Can Large Language Models Capture Human Annotator Disagreements?
Jingwei Ni, Yu Fan, Vilém Zouhar, Donya Rooein, Alexander Hoyle, Mrinmaya Sachan, Markus Leippold, Dirk Hovy, Elliott Ash
2025-06-25
Summary
This paper talks about how large language models (LLMs) struggle to predict when human annotators disagree on labeling data, even though the models do well predicting the most common or majority label.
What's the problem?
The problem is that human annotators often disagree on certain tasks because of different opinions or interpretations, but LLMs usually miss these disagreements and just focus on the majority answer, which overlooks important subtleties.
What's the solution?
The researchers tested different reasoning methods on LLMs and found that one method called Reinforcement Learning with Verifiable Rewards (RLVR), which helps models with clear goals, actually makes it harder for LLMs to predict disagreements.
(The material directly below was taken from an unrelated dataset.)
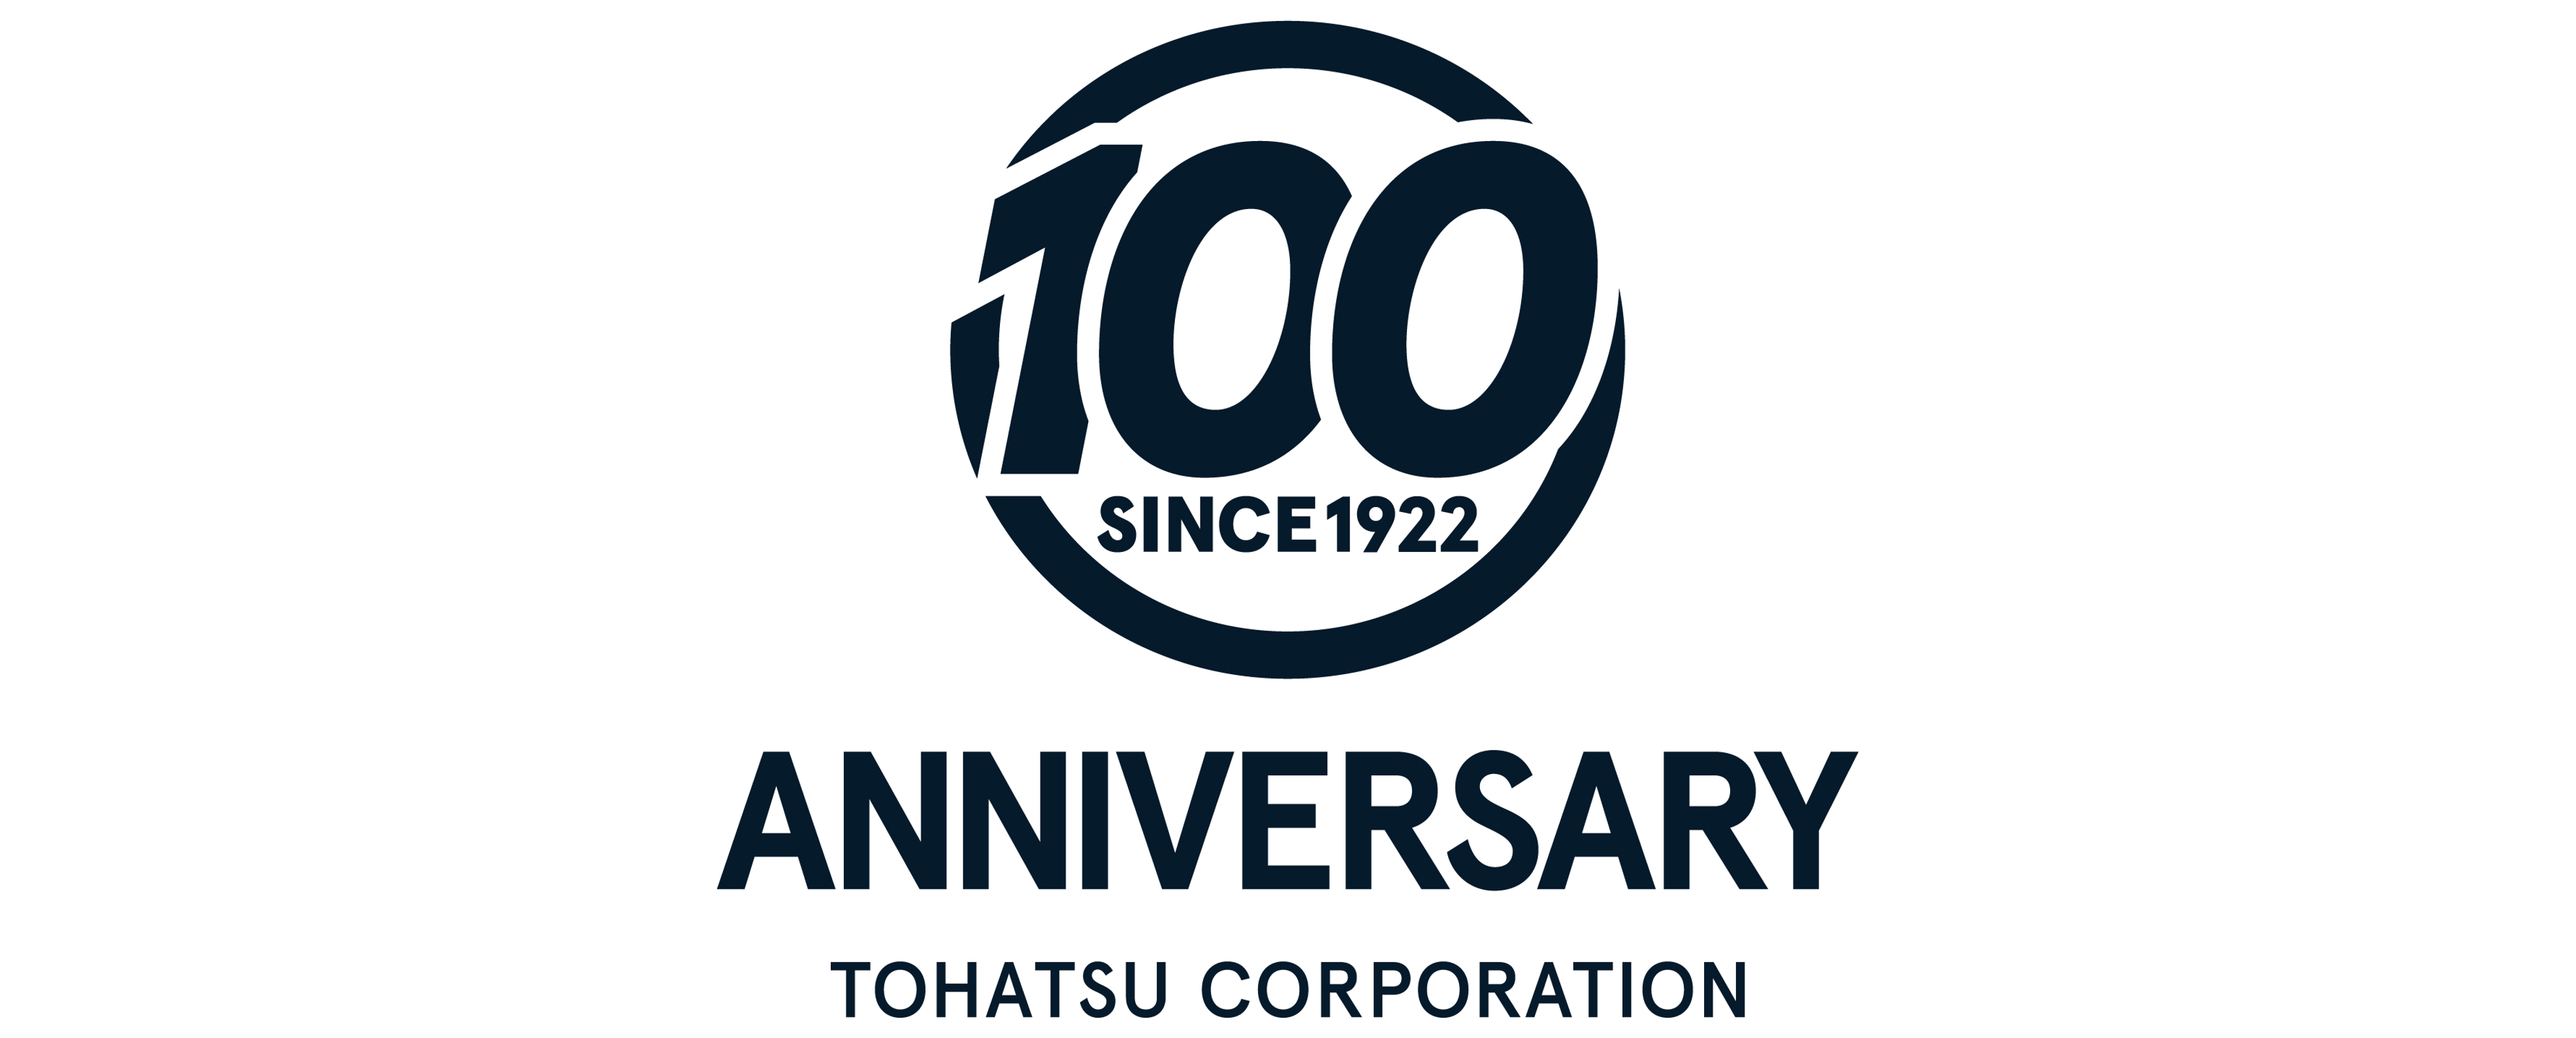 Announcement of 100th Anniversary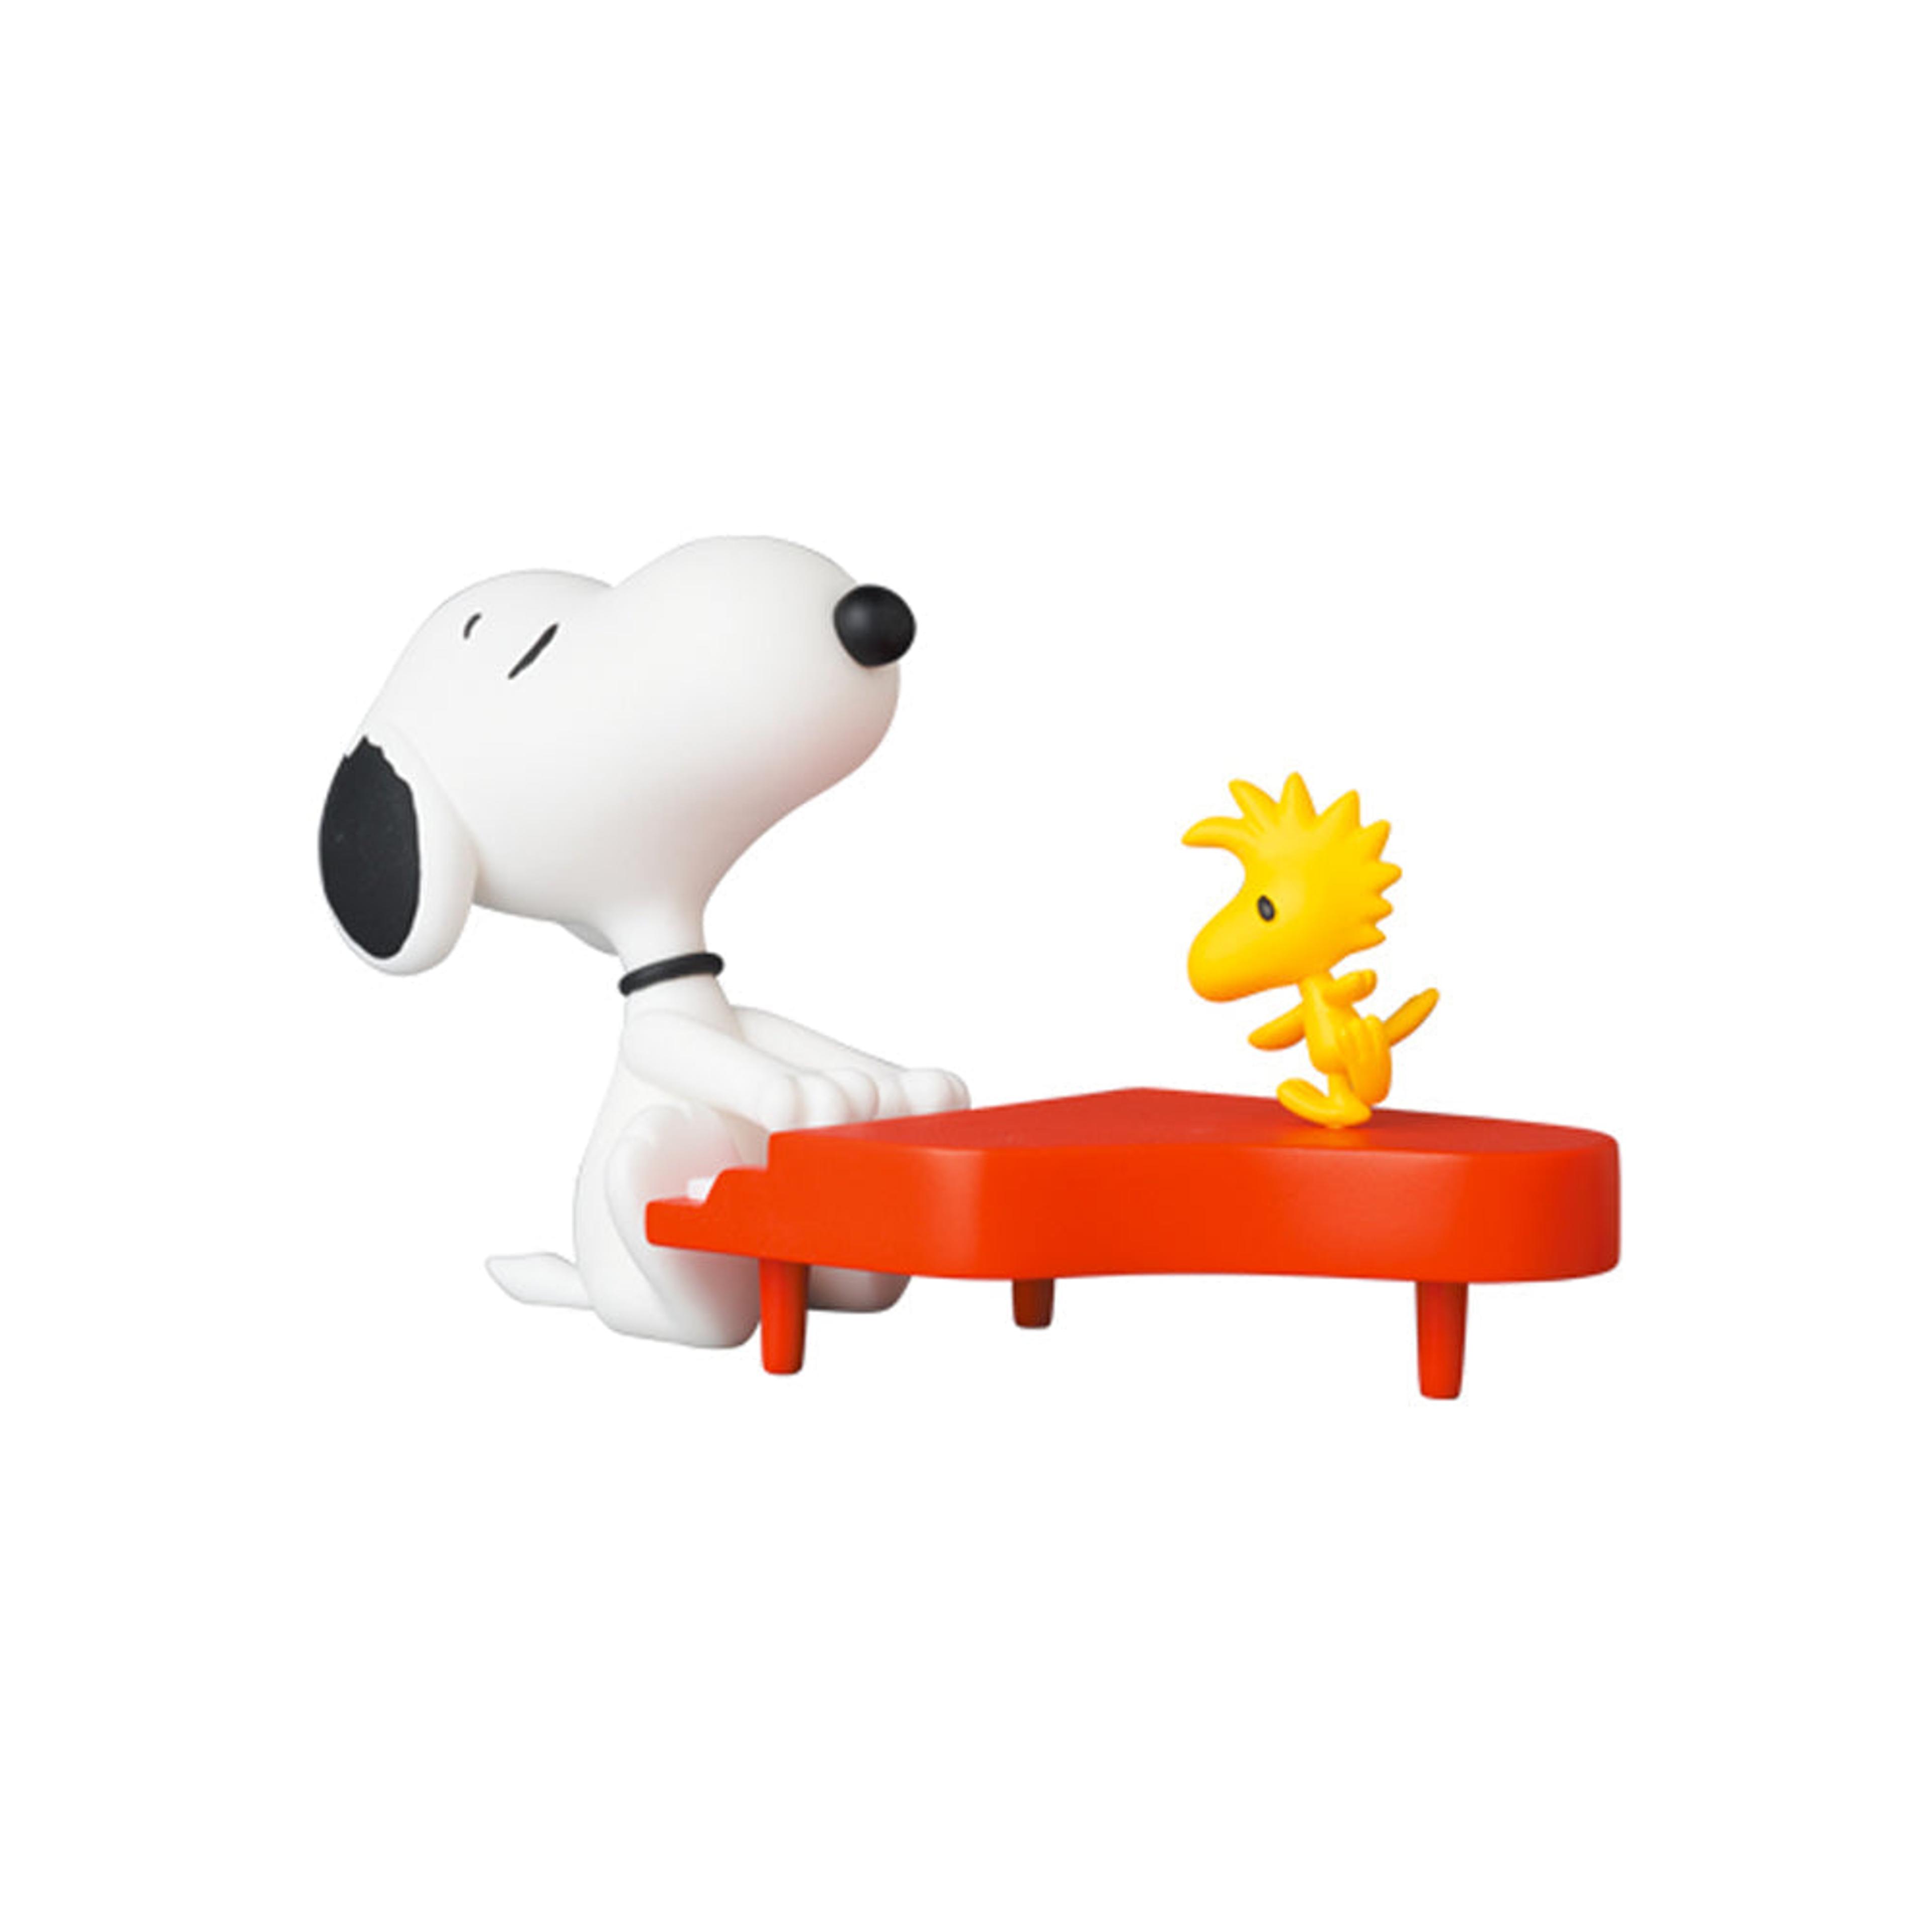 Alternate View 1 of UDF Peanuts Series 13: Pianist Snoopy Ultra Detail Figure by Med

Another simpler method called Chain-of-Thought reasoning helped models do better at predicting disagreement patterns.
Why it matters?
This matters because recognizing disagreements among humans is important for understanding complex and subjective tasks better, so if LLMs can’t capture this, they might provide less reliable annotations and miss important details in real-world applications.
Abstract
LLMs struggle to predict human annotation disagreements, contrary to their performance in predicting majority labels, and RLVR-style reasoning exacerbates this issue.